**Information supplied**
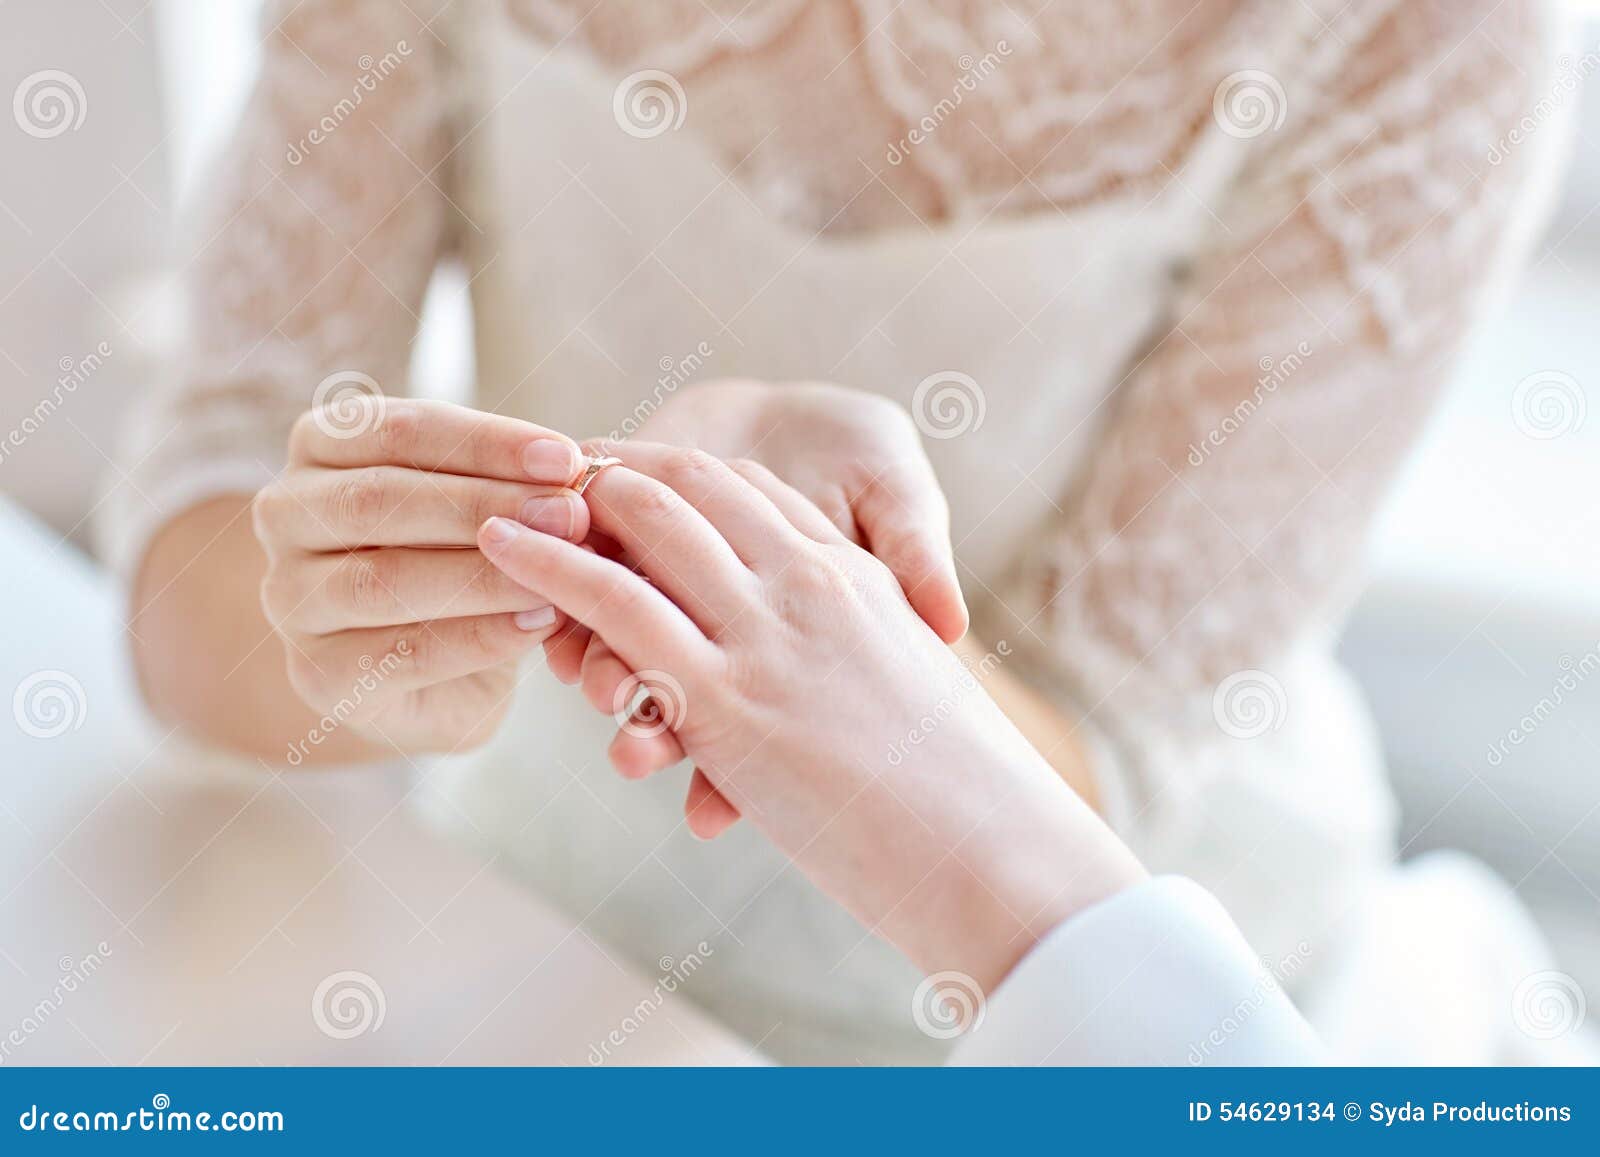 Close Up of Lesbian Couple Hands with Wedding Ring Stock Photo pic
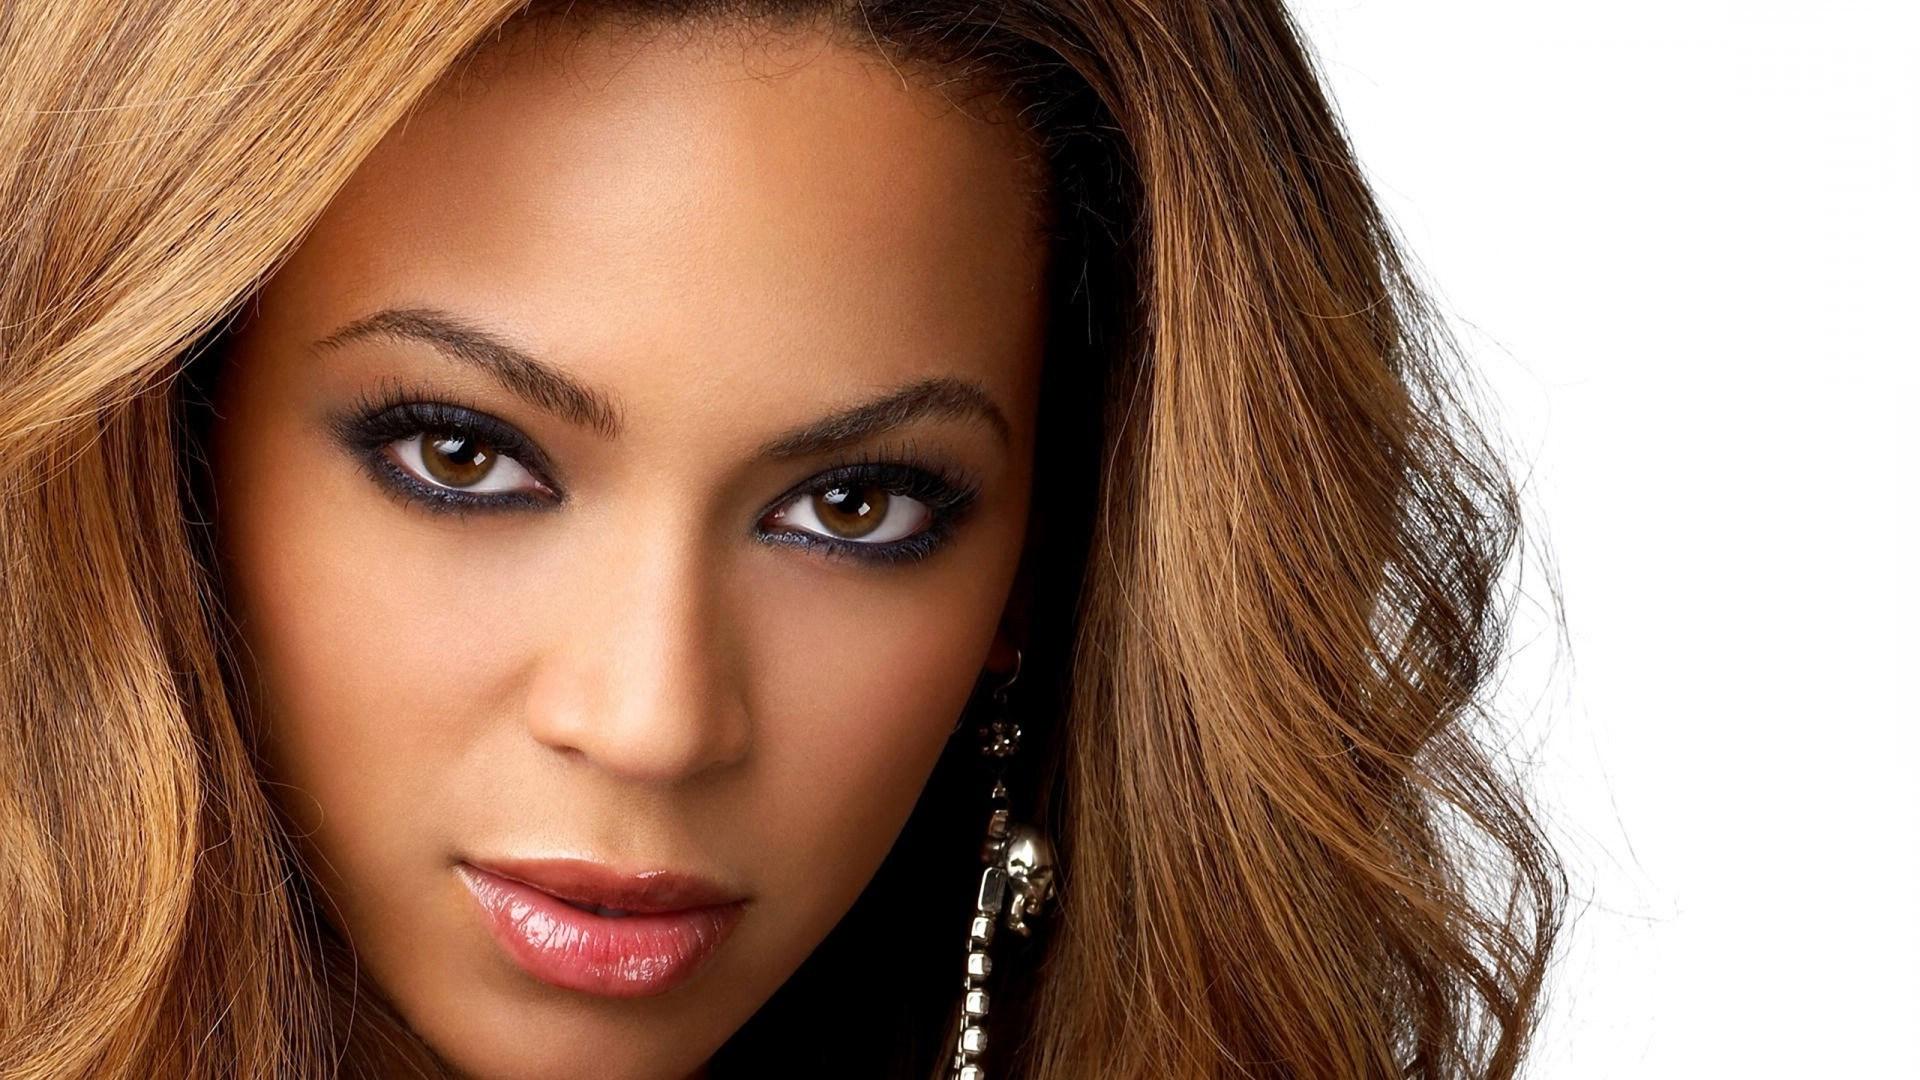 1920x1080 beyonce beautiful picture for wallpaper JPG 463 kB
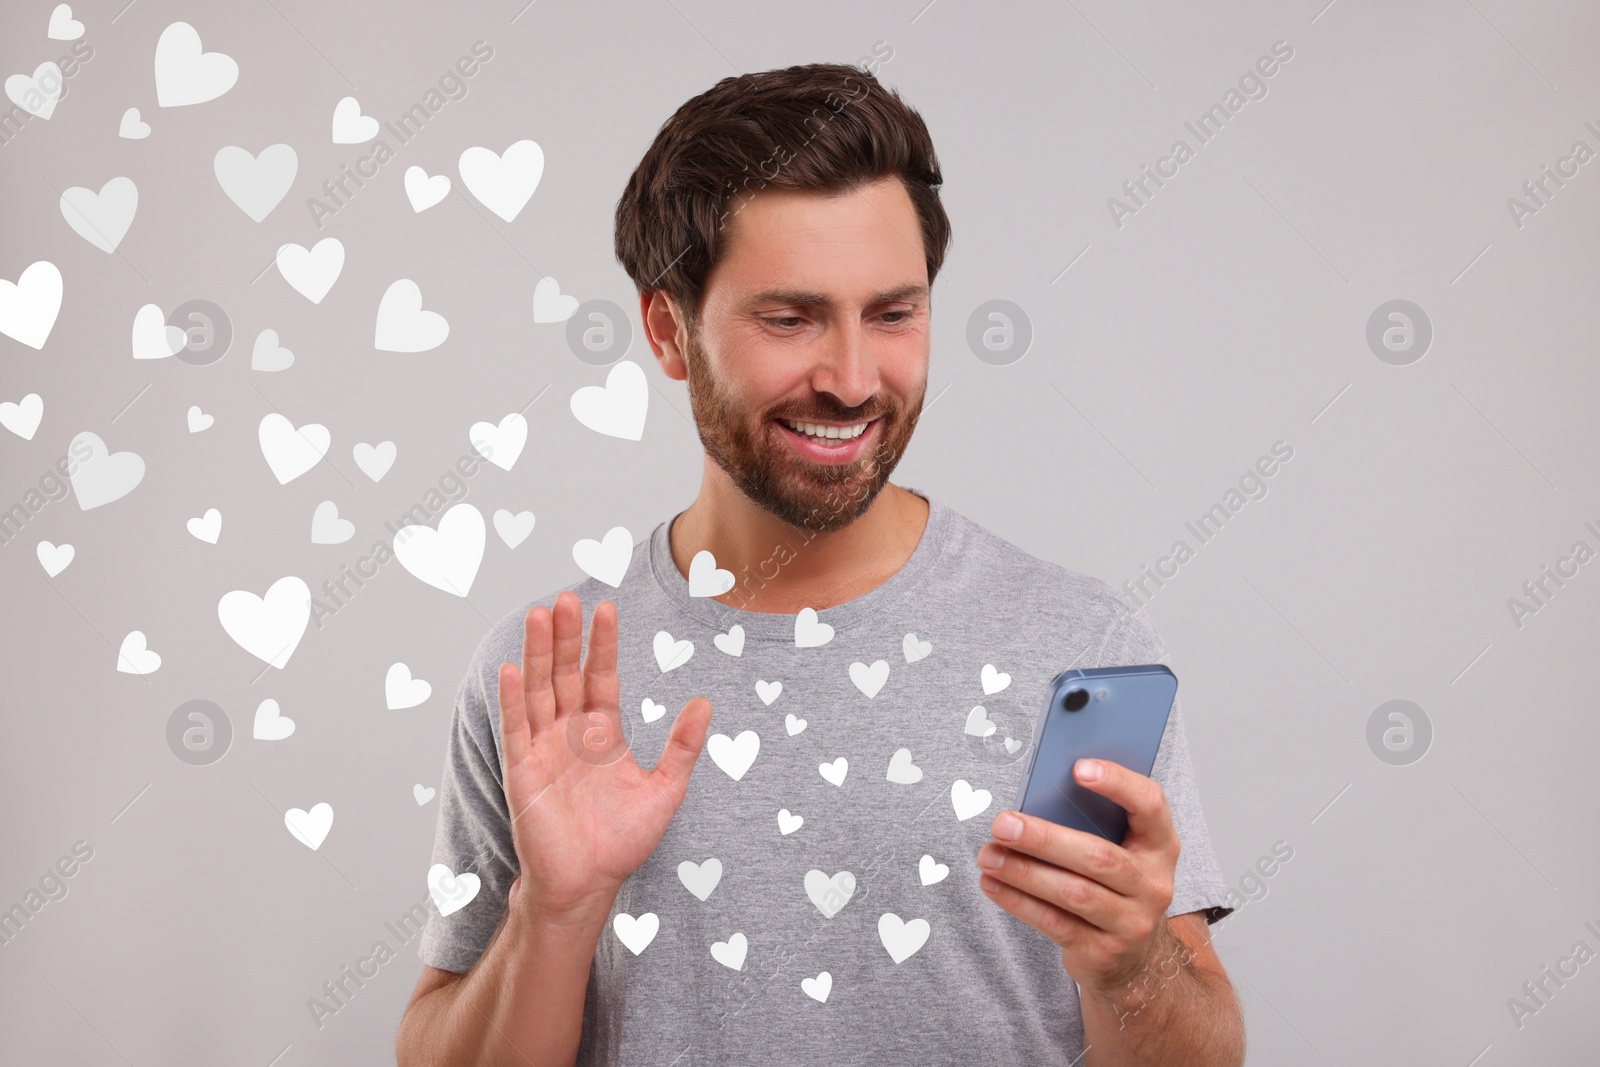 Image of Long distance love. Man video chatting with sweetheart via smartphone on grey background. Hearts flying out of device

**Work to be completed**
Leave the pictures out and output the rest of the data word for word.

**Expected answer**
 Close Up of Lesbian Couple Hands with Wedding Ring Stock Photo pic
 1920x1080 beyonce beautiful picture for wallpaper JPG 463 kB
 Image of Long distance love. Man video chatting with sweetheart via smartphone on grey background. Hearts flying out of device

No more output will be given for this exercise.